* _TASK REQUIREMENTS_
The lines to copy run from the one containing "A rainy day" through the last line of the listing; copy them exactly and nothing more.

### MATERIAL PROVIDED ###

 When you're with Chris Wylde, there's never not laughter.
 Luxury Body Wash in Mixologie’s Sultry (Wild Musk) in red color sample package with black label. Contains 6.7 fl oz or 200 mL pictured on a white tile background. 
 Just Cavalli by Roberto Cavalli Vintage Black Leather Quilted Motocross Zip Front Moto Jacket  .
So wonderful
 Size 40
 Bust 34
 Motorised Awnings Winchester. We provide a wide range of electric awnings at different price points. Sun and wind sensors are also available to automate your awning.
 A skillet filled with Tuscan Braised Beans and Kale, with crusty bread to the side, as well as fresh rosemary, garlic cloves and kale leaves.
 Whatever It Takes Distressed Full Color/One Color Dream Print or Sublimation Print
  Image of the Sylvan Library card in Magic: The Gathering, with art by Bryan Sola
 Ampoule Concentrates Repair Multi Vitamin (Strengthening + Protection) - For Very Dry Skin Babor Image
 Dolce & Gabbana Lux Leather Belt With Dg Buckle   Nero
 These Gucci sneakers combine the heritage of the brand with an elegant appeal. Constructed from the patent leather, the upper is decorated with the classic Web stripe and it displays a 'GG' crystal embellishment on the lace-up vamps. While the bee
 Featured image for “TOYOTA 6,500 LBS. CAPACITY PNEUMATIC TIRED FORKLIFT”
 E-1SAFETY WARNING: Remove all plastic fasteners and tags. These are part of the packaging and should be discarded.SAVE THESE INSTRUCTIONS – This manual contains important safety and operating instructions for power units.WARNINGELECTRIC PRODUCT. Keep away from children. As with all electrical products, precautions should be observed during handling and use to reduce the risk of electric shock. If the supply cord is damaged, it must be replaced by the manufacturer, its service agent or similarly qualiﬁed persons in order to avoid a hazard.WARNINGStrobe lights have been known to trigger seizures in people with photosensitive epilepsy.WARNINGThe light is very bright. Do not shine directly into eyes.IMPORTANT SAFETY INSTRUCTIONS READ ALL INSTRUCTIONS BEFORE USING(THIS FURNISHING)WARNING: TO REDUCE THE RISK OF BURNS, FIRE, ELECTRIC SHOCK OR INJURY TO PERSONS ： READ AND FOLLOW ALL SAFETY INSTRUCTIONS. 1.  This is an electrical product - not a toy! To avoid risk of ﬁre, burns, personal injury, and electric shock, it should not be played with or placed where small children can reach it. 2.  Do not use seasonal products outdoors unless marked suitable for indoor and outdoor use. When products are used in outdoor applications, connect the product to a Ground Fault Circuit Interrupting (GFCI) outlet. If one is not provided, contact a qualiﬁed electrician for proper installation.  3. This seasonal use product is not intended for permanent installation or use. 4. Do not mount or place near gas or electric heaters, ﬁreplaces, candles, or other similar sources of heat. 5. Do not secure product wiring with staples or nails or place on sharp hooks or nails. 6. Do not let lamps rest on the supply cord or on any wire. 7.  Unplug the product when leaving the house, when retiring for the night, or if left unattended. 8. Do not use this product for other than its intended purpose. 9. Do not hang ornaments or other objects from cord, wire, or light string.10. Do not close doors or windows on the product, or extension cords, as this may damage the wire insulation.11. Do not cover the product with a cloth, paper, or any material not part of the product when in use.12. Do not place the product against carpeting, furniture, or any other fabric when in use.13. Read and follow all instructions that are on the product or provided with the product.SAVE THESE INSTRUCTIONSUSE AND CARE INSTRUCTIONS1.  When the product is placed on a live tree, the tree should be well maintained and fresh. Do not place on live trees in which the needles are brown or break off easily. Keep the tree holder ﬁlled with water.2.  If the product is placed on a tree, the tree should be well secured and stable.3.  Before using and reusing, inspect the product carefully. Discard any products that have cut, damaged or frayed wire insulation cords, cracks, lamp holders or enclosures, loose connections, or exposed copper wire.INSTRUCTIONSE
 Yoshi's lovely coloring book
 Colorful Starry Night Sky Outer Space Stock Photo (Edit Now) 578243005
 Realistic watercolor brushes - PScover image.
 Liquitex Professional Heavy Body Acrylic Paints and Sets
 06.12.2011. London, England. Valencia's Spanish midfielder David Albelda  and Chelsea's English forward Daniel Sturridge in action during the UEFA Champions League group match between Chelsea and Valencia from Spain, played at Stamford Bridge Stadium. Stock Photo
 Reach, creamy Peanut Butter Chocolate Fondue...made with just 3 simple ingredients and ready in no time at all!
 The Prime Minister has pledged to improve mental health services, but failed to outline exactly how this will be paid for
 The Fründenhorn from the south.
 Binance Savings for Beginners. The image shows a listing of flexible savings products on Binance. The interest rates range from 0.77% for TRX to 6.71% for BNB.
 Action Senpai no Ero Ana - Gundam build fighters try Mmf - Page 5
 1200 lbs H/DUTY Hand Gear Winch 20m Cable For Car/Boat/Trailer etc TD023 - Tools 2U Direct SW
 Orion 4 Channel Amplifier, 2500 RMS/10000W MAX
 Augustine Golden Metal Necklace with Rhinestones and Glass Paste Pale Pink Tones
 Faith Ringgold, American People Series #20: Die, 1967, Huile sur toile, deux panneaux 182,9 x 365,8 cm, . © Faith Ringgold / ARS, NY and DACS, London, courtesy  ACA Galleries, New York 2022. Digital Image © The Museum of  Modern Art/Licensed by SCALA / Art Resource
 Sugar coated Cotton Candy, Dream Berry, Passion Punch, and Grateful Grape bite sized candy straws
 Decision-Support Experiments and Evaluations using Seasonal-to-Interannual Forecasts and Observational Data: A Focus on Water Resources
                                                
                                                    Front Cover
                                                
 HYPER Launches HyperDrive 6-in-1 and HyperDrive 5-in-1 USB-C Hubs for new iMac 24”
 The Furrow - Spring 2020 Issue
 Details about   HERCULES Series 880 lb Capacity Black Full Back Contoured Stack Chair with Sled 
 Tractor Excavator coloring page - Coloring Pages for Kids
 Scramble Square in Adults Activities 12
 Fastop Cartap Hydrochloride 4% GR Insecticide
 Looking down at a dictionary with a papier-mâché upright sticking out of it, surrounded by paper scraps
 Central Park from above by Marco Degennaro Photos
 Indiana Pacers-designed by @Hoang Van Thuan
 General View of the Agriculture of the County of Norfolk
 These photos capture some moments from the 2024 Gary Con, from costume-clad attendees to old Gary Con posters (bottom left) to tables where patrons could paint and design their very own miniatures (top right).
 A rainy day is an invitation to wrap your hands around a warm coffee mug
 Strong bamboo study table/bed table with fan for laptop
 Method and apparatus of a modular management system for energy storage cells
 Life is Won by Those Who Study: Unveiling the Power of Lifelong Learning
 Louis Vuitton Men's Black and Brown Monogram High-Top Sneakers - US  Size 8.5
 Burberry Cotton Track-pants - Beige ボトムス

###

* _ANSWER AREA_
 A rainy day is an invitation to wrap your hands around a warm coffee mug
 Strong bamboo study table/bed table with fan for laptop
 Method and apparatus of a modular management system for energy storage cells
 Life is Won by Those Who Study: Unveiling the Power of Lifelong Learning
 Louis Vuitton Men's Black and Brown Monogram High-Top Sneakers - US  Size 8.5
 Burberry Cotton Track-pants - Beige ボトムス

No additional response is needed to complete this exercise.